# Just pulled the trigger on LXmini parts



## Tom Porlick (Feb 9, 2017)

My bonus cleared this morning, so I ordered the parts from Madisound and an Outlaw Model 5000 amp. I'm looking forward to this.


----------



## Lumen (May 17, 2014)

:yay: Congrats, Tom! As others have said in your other thread, you won't be sorry. :yay2:


----------



## Tom Porlick (Feb 9, 2017)

Parts were waiting when I got home - man those drivers are little. Hard to believe they can do what everyone says.

I'll be painting a lot of parts tonight!


----------



## Tom Porlick (Feb 9, 2017)

The MDF can soak up a lot of paint at the cut edges. I gave it two good coats of primer, with plenty of drying time in between. Then I applied auto body spot putty, wet sanded it smooth with 320 grit, and a final coat of primer before spraying on the enamel color.

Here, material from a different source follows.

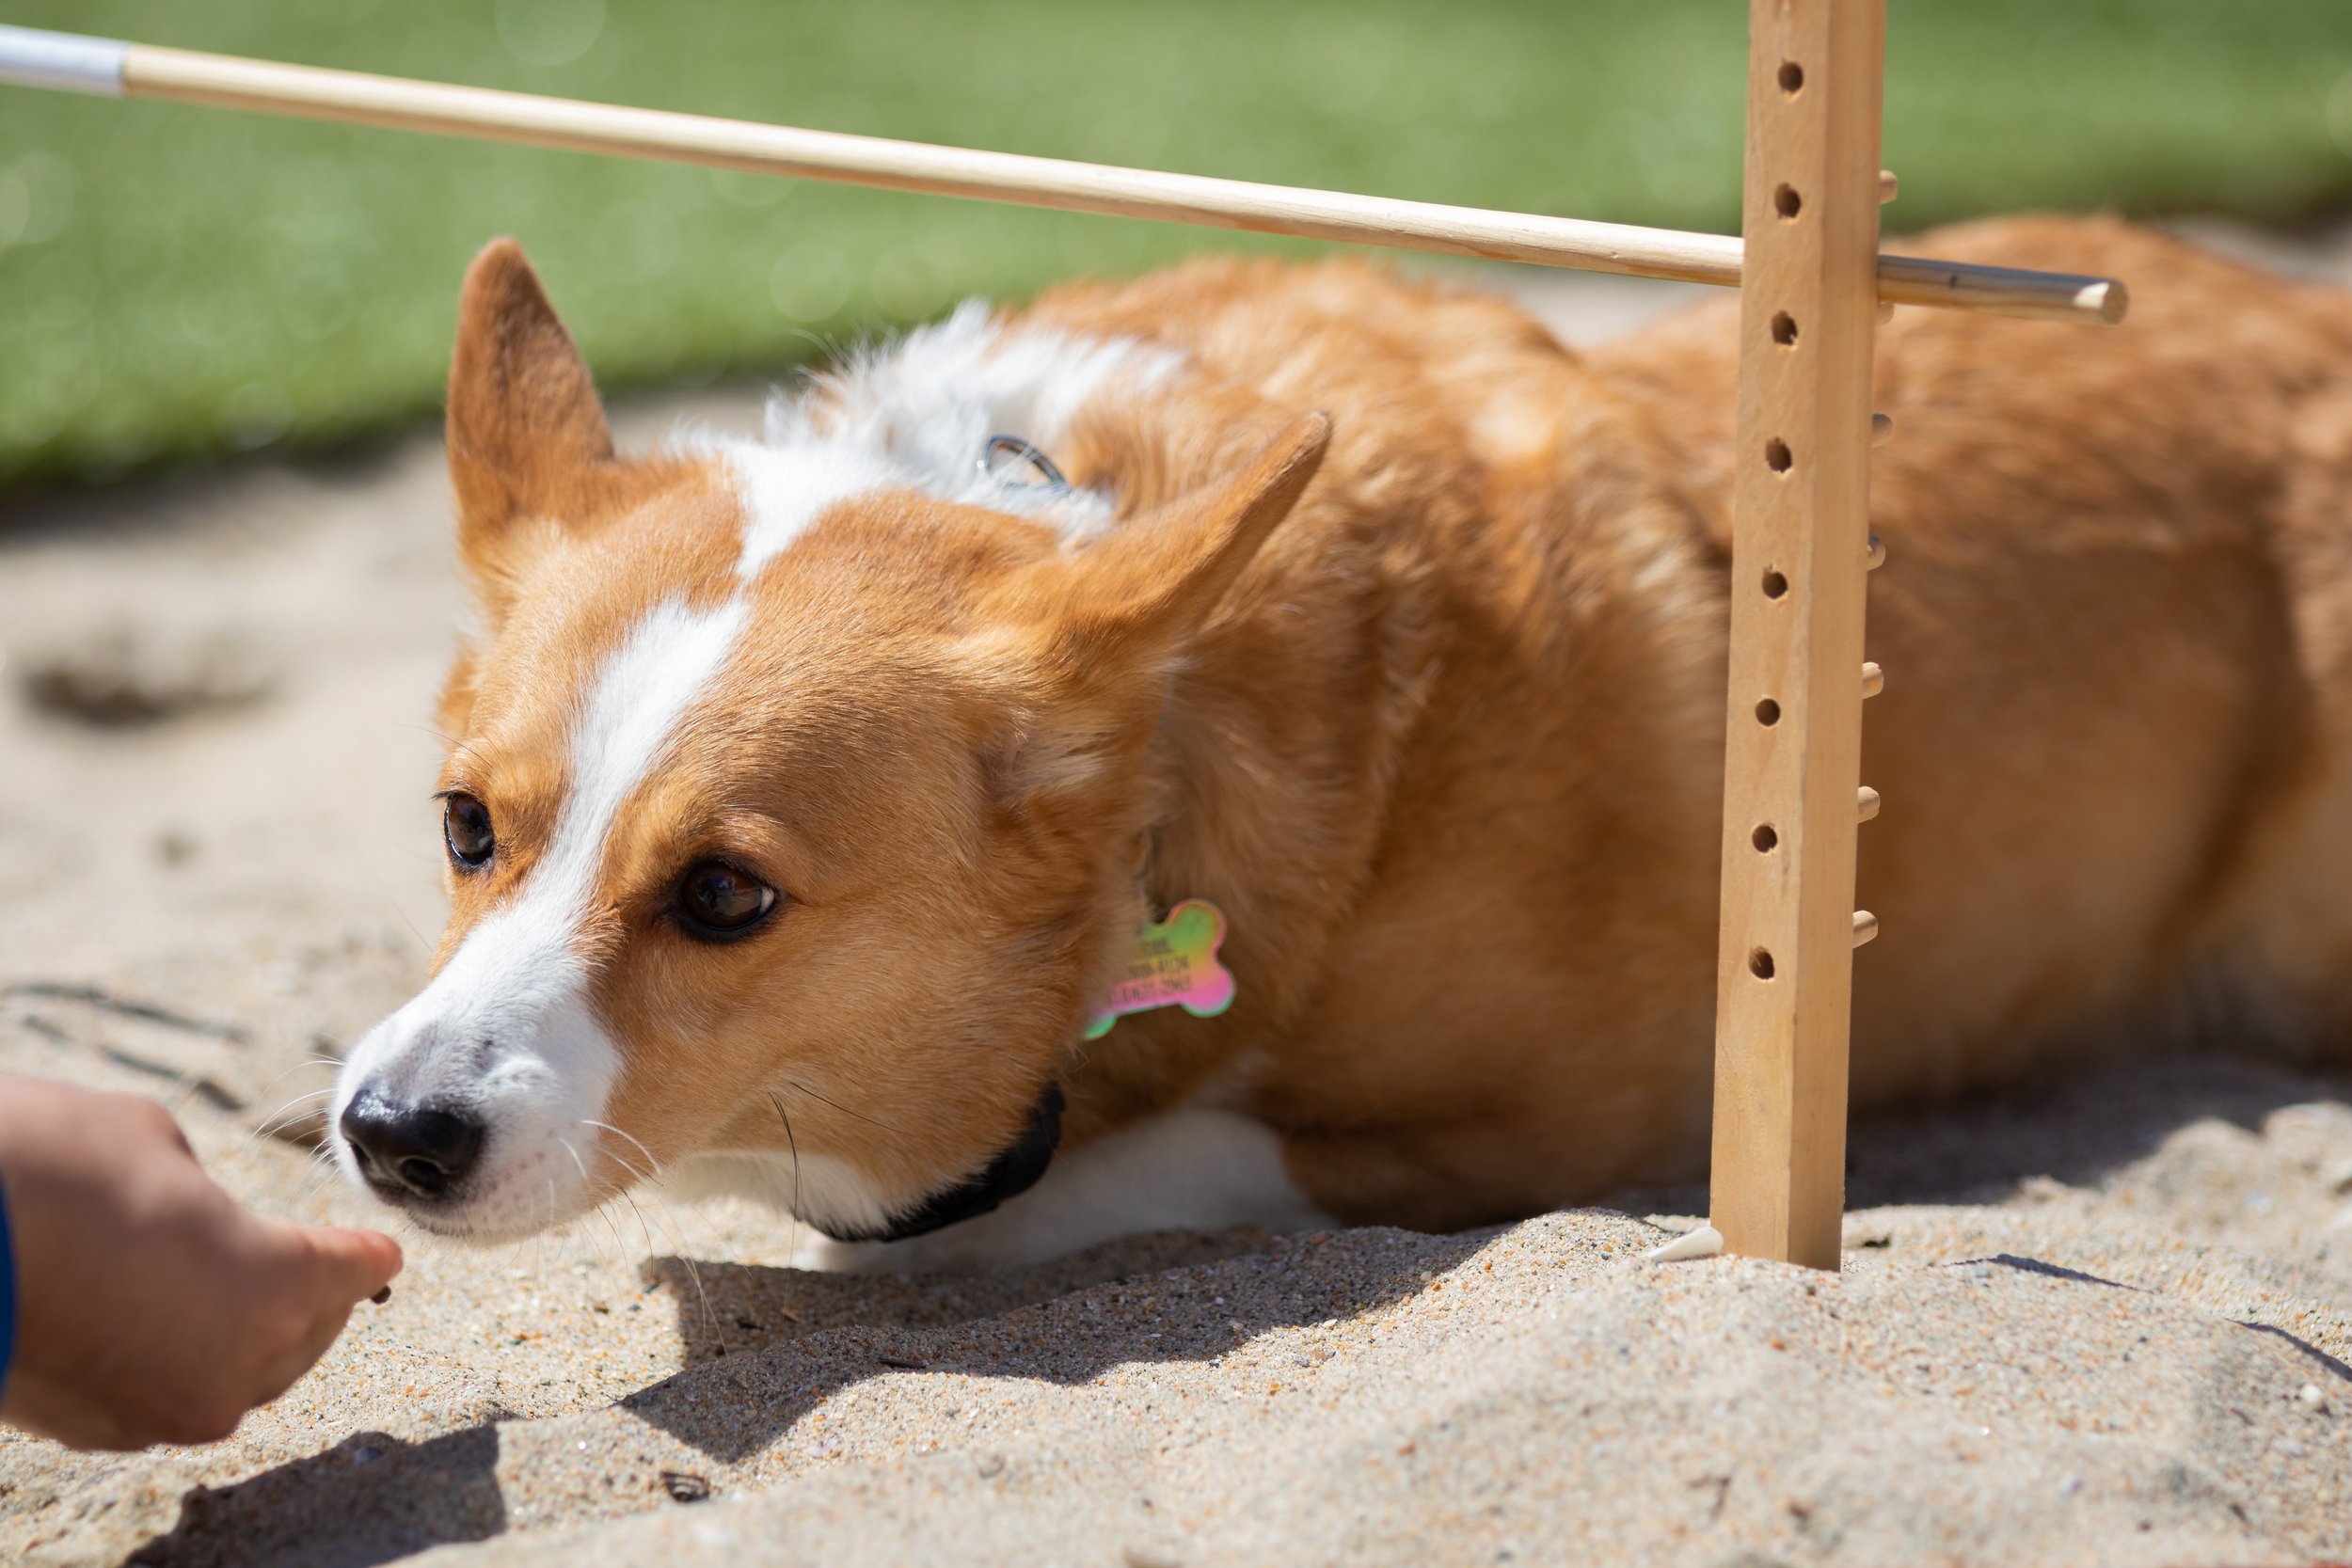  A corgi attempts to 'limbo' for the Corgi Limbo Contest during Corgi Beach Day at Huntington Dog Beach, Huntington Beach, Calif., on Saturday, April 1, 2023. There were over a thousand people in attendance with over 100 Corgis competing. (Caylo Seal
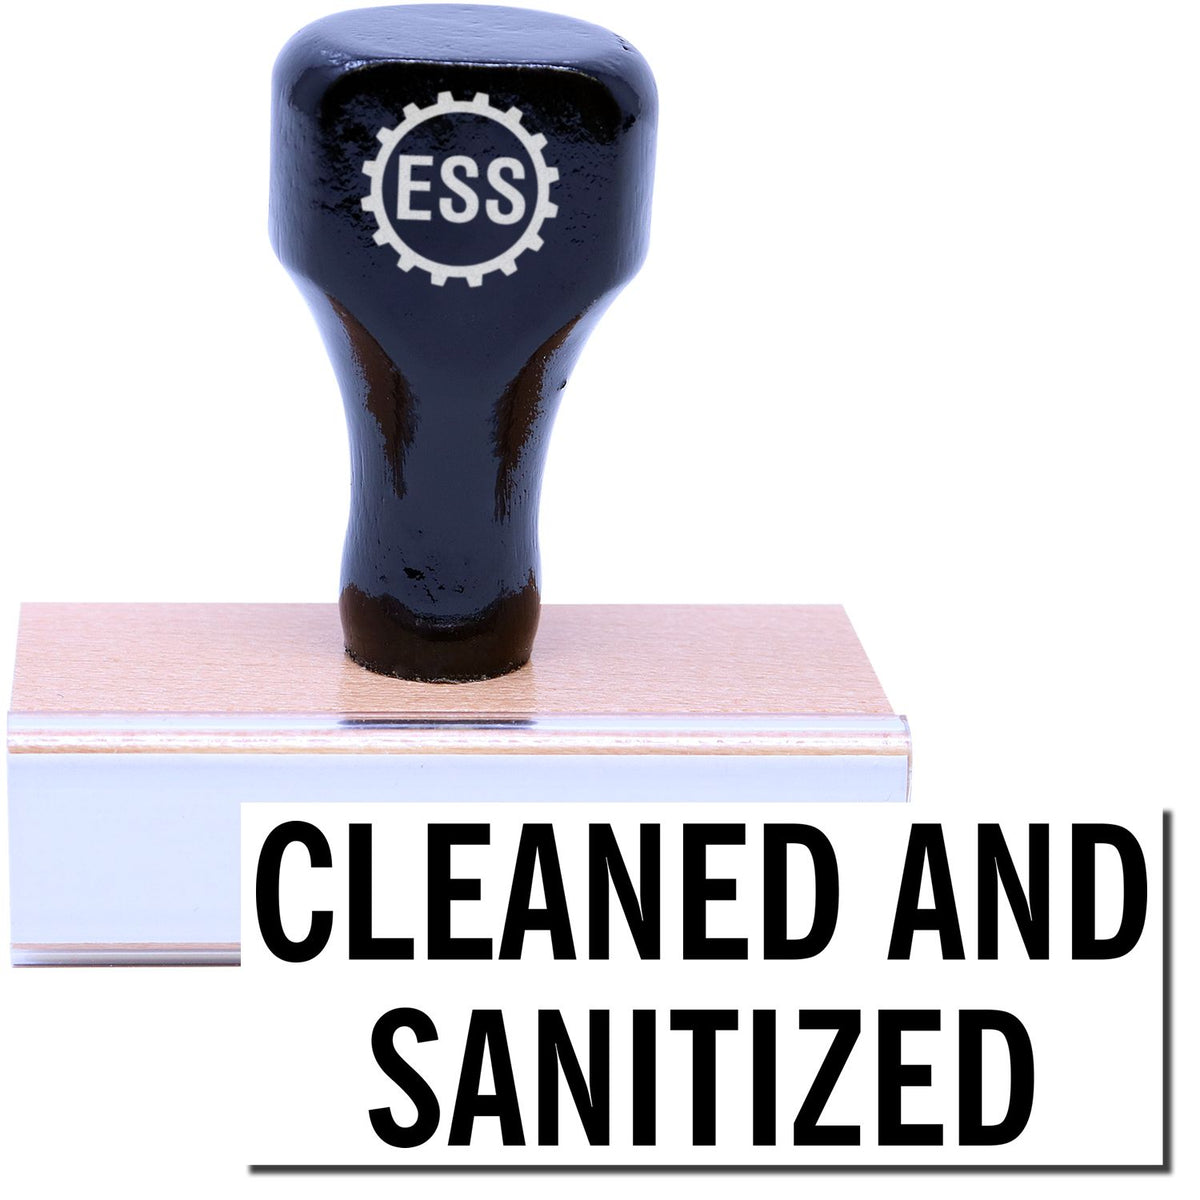 A stock office rubber stamp with a stamped image showing how the text &quot;CLEANED AND SANITIZED&quot; in a large font is displayed after stamping.

I suggest ordering the spade connectors for the drivers, because the ones on the 4" are quite small and I had to scrounge around a bit to find ones that worked. If you're counting on Radio Shack to have them, you'll be out of luck.

I assembled speaker wires from standard banana connectors, and when I plugged them into the connectors under the base I found that they hit the floor because the rubber feet are too short to provide proper clearance! That's the only reason I don't give the kit five stars.

Sonically, the LXminis are amazing, the online reviews don't overstate their performance. One of the first things I put on was Pink Floyd's Wish You Were Here, and all of that echoey, spinning off into infinity stuff was rendered with perfect clarity. Miles Davis’ Kind of Blue (192/24 from HDTracks) is expansive: the crackle at the edges of Mile’s tone is crisp, Trane and Cannonball punchy and focused, Cobb’s cymbals so present that it really was like he was in the room with me.

Siegfried Linkwitz is a genius. Build these, when you're done you'll only be sorry that you hadn't done it sooner.


----------